(GOAL OF THE EXERCISE): Please copy the data exactly as it stands, minus the images.

::: GIVEN DATA :::

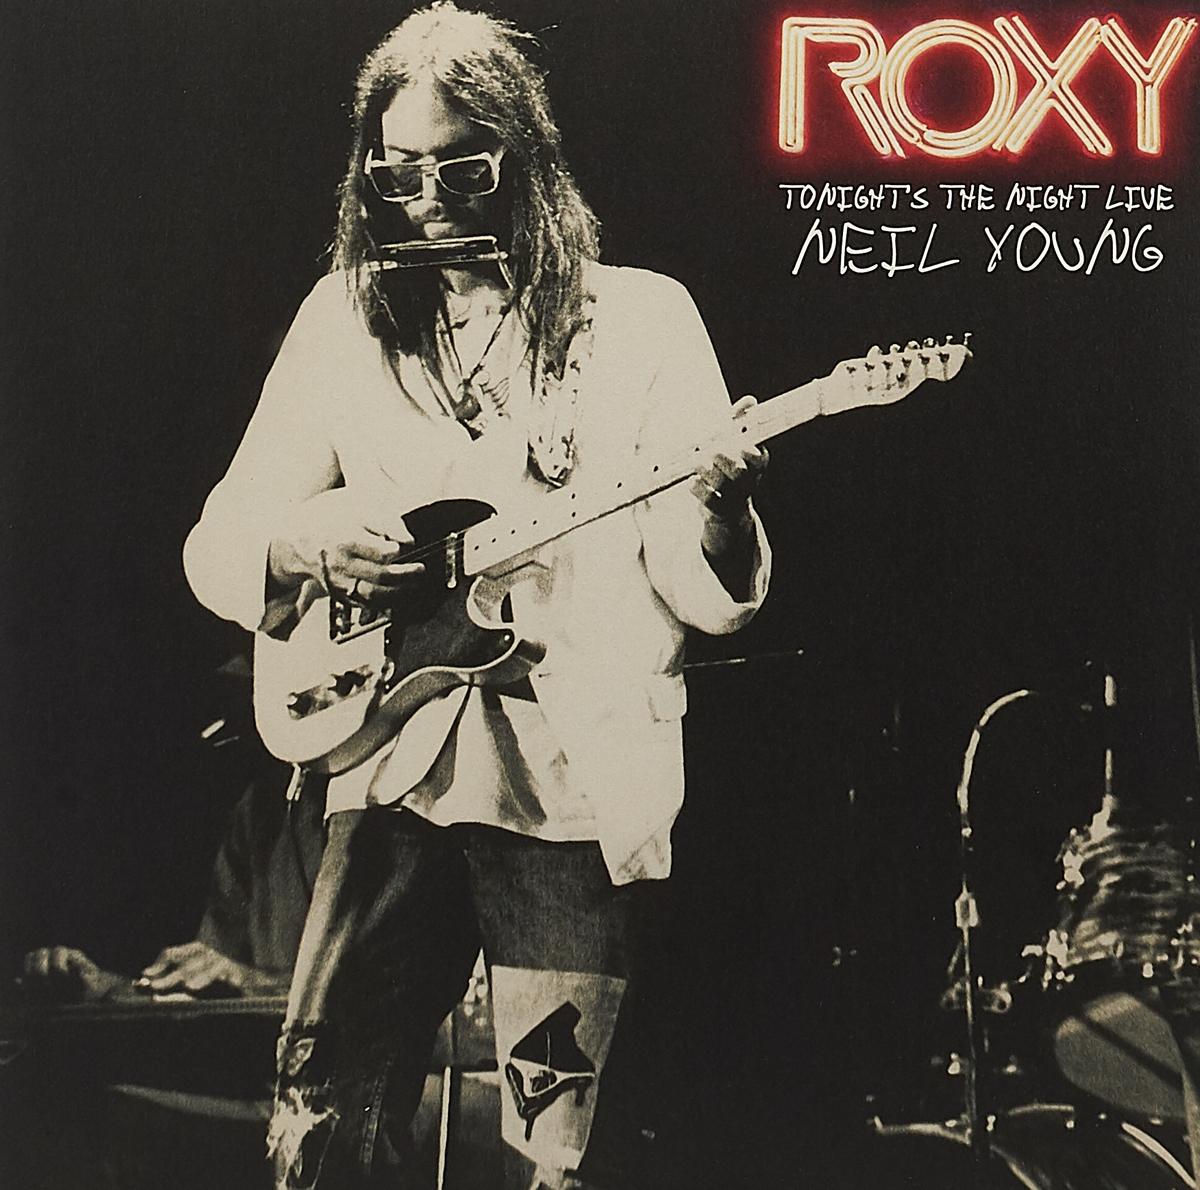 Нил Янг Neil Young, ROXY: Tonight's The Night Live (2 LP)
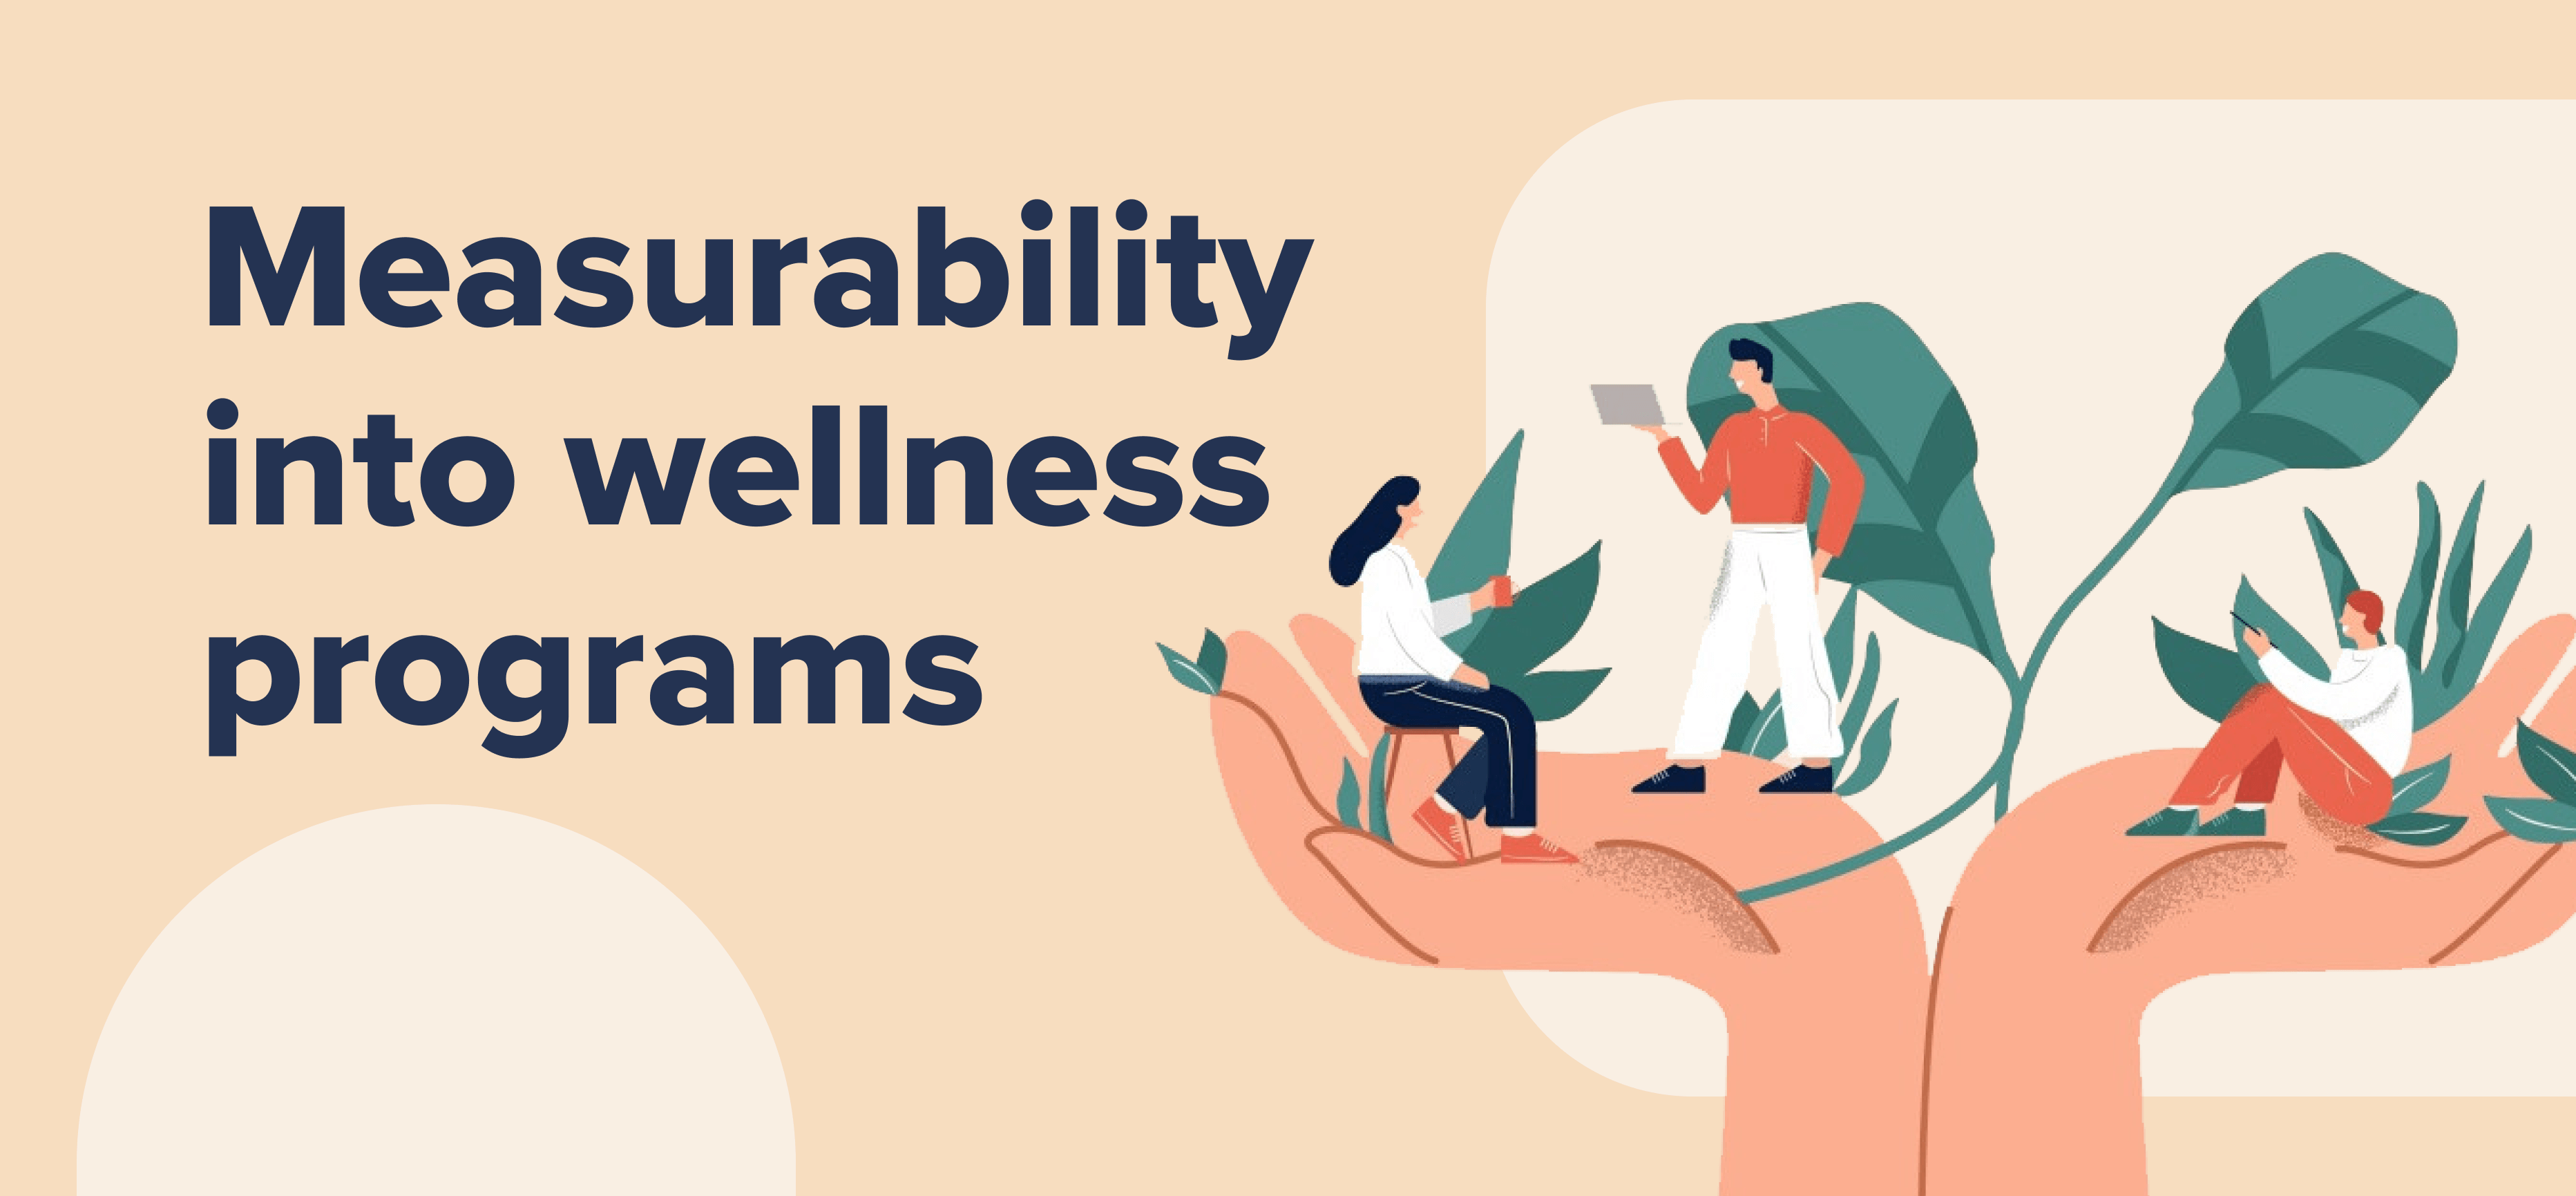 Getting Measurability into wellness programs
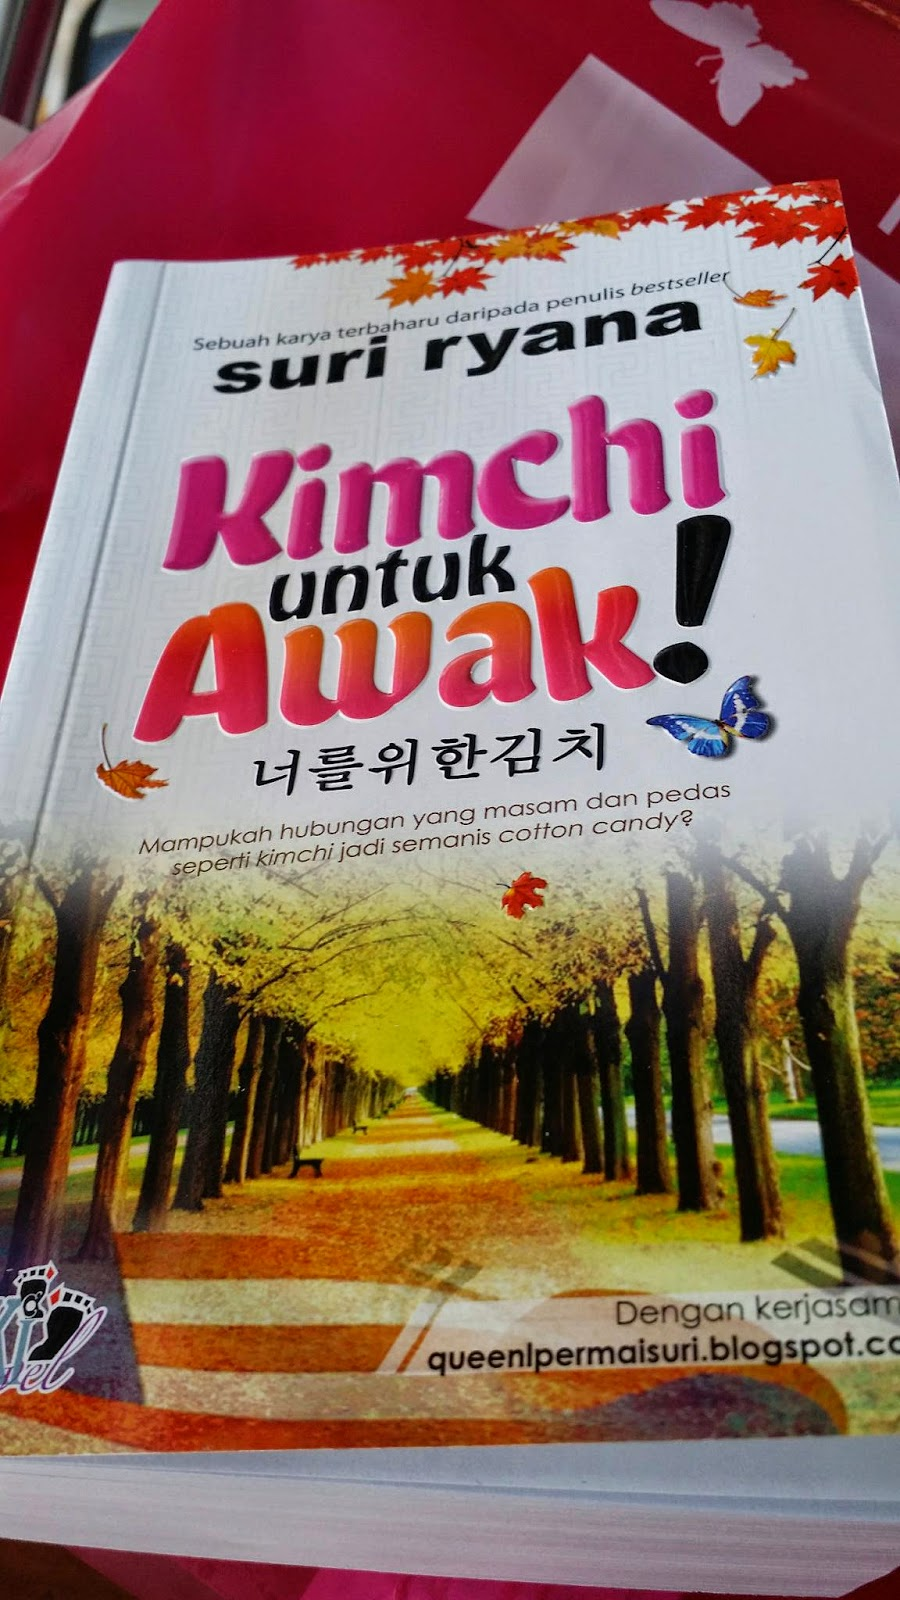 Resensi Novel: Kimchi untuk awak! - suri ryana
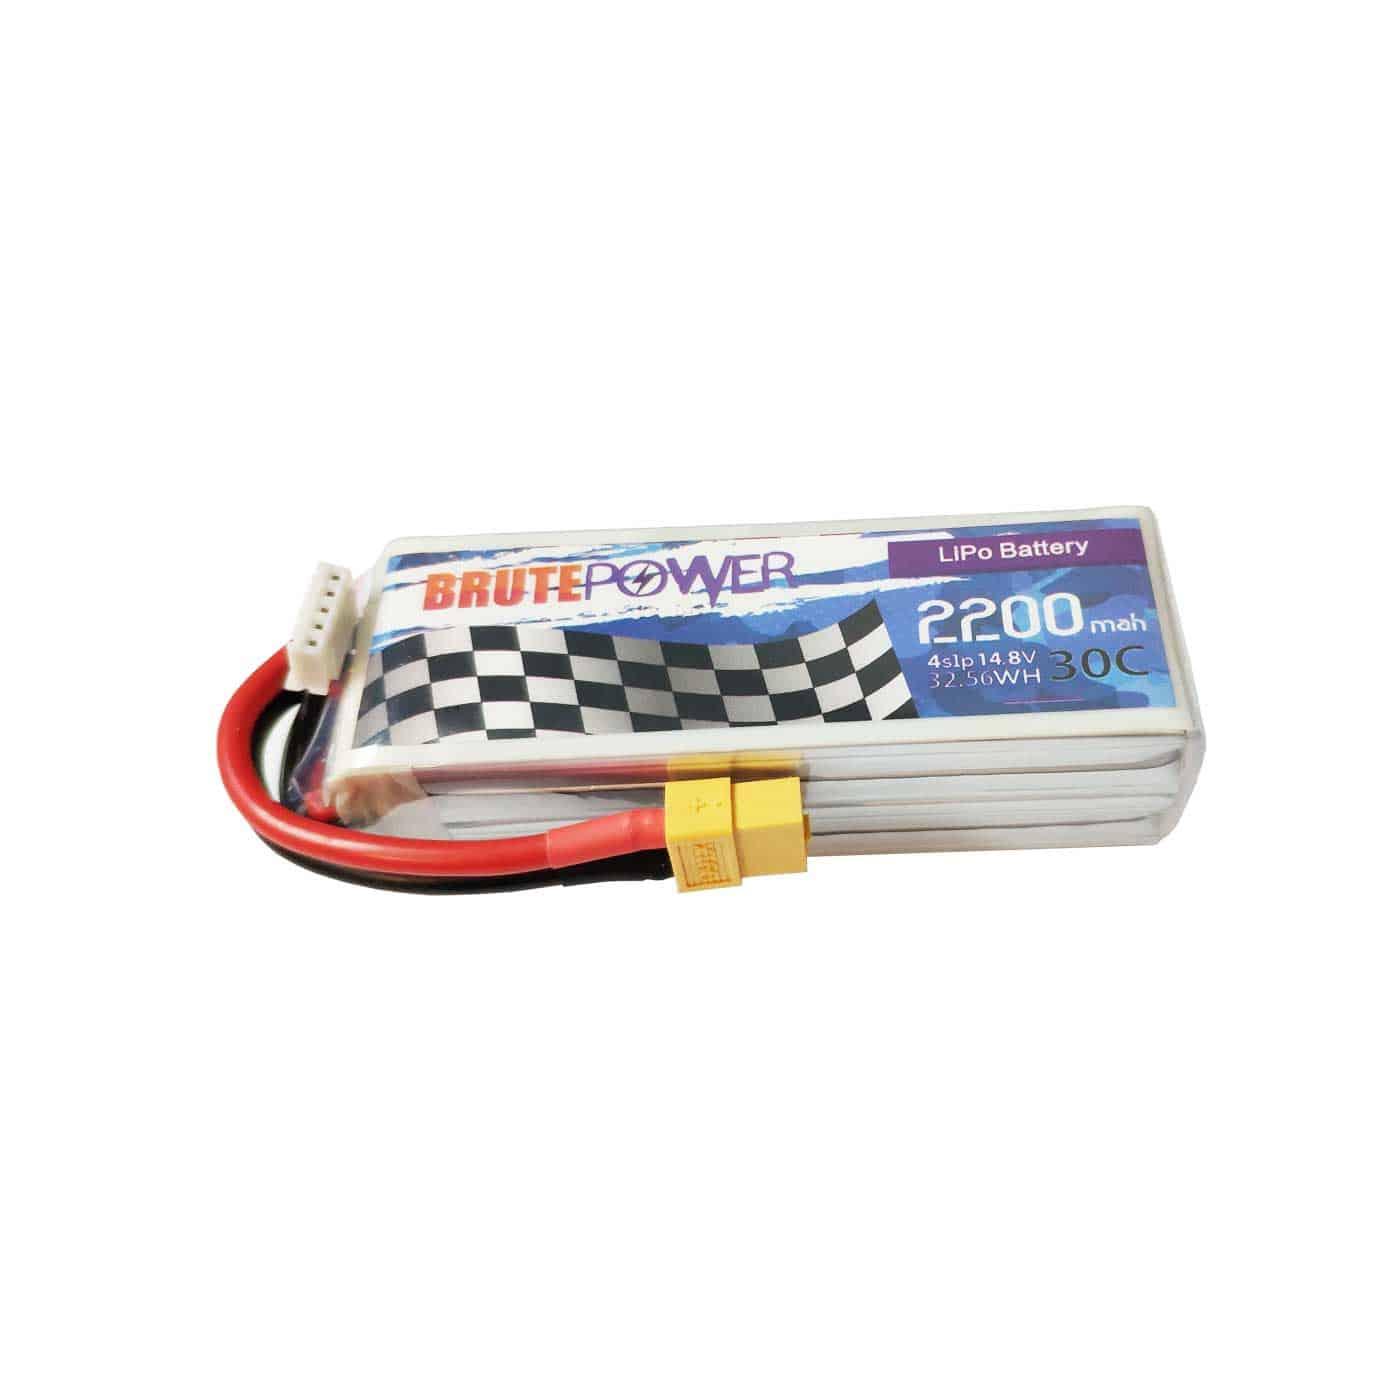 batería lipo brutepower 4s 2200mah 30C

:::

(COMPLETED EXERCISE):
 Нил Янг Neil Young, ROXY: Tonight's The Night Live (2 LP)
 Getting Measurability into wellness programs
 Resensi Novel: Kimchi untuk awak! - suri ryana
 batería lipo brutepower 4s 2200mah 30C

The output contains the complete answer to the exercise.